Rena J. Berlin, Fairfax County’s IB coordinator at Langston Hughes Middle School, said she knows Mrs. Geiger and other critics “very well,” but believes “that all students who learn how to think globally, how to make connections between subjects, and how to ‘learn how to learn’ will be better prepared to be IB diploma students when they get to 11th grade.”

Mrs. Berlin said her school has “students from around the globe. … ”

“Our IB programs dig deep into education and the feeling of the community, and the programs make us part of our world.

“After all, it is our students who will change the world and we need to allow them to be the fine citizens of America and the world that they have the potential to be,” she said.

Mrs. Geiger and a friend, Anne Hall of Reston, have rallied opposition against the IB program for several years.

Mrs.
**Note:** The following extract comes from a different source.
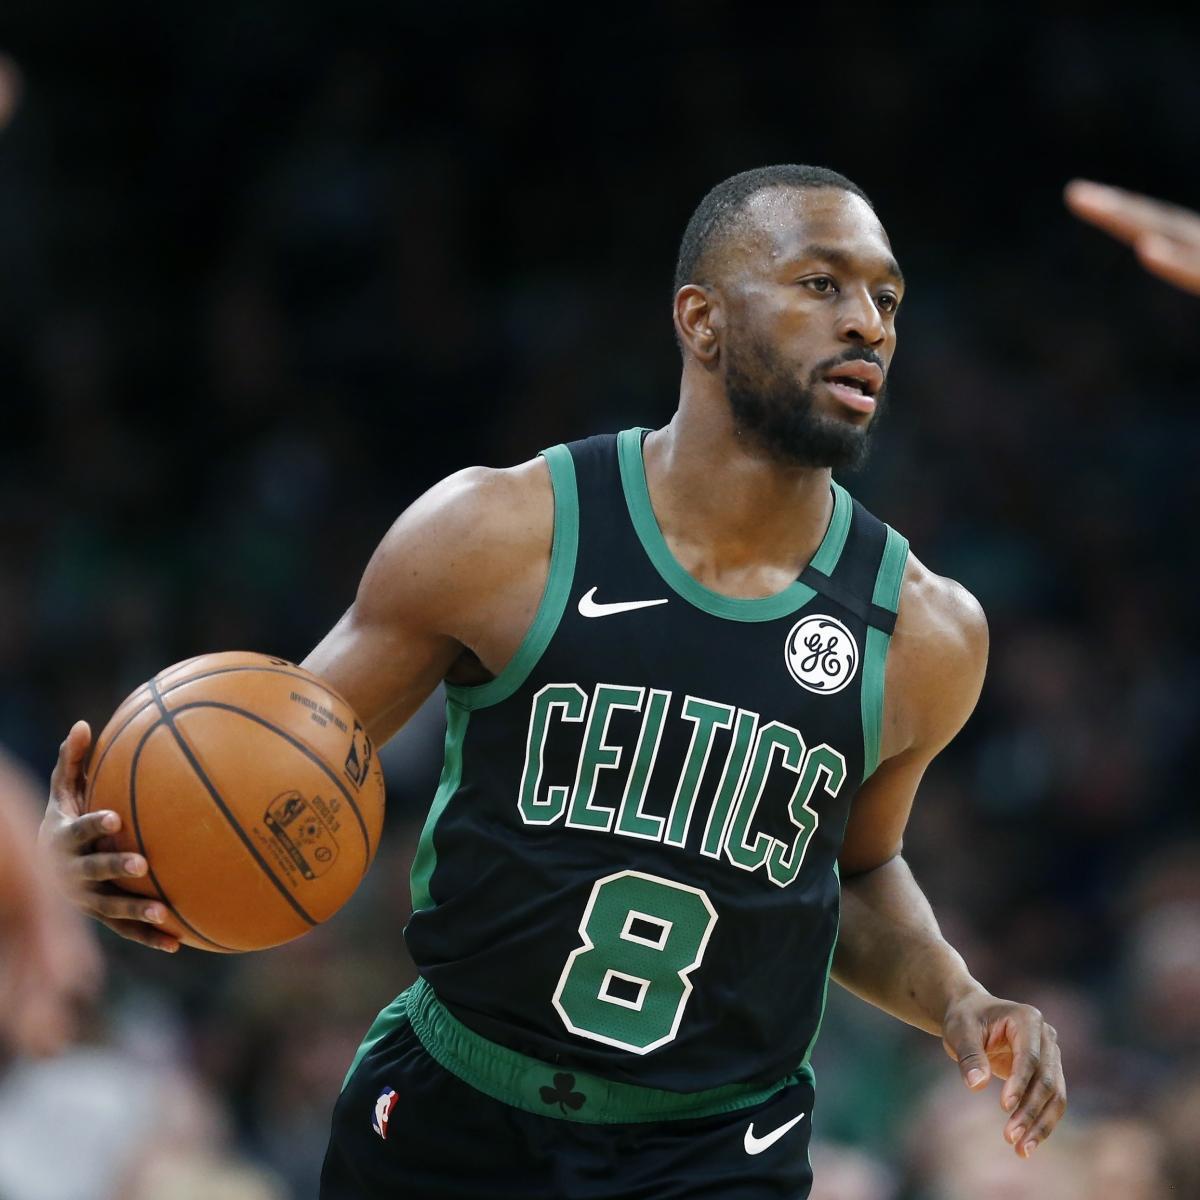 Celtics News: Kemba Walker Injury Latest, Brad Stevens on NBA Restart, More

Hall echoed criticisms of parents at Woodson High School in Fairfax — where the IB program was dropped — that most U.S. colleges and universities award course credit to incoming freshmen only for high-level IB courses “similar in difficulty to the Advanced Placement (AP) courses.”

On IB exams, she noted, high school students are scored on a scale of one to seven and Fairfax County recognizes four as a passing grade. For AP exams, students are graded on a scale of one to five and Fairfax County recognizes three as a passing score.

But colleges set the bar higher, Mrs. Hall said.

“More selective institutions only award credit for AP exam scores of four and five, and high-level IB exam scores of six and seven, and will not consider any standard-level IB exam scores.”

She added that “some schools will not award any IB credit unless the student has earned the full IB diploma,” which requires them to take more than six required IB courses, write a 4,000-word extended essay like a college thesis, and do 150 hours of extracurricular activities or community service during 11th and 12th grades.

“Information from eight Virginia universities shows that an Advanced Placement exam score of three has a 52 percent acceptance rate, a higher-level IB exam score of 4 has a 33 percent acceptance rate, and a standard-level IB exam score of four has a 2 percent acceptance rate.

“Parents and students who do not have six-figure incomes or trust funds available for college tuitions will be interested in this distinction,” Mrs. Hall said.

Sandra Wade Pauly, IB North America’s university and government liaison, acknowledges that “IBNA has always faced a unique challenge” in convincing U.S. colleges and universities of the worth of its “holistic and interdisciplinary approach” to learning.

She said IBNA is funding a push to convince more colleges and admissions officials to accept its high school diploma program.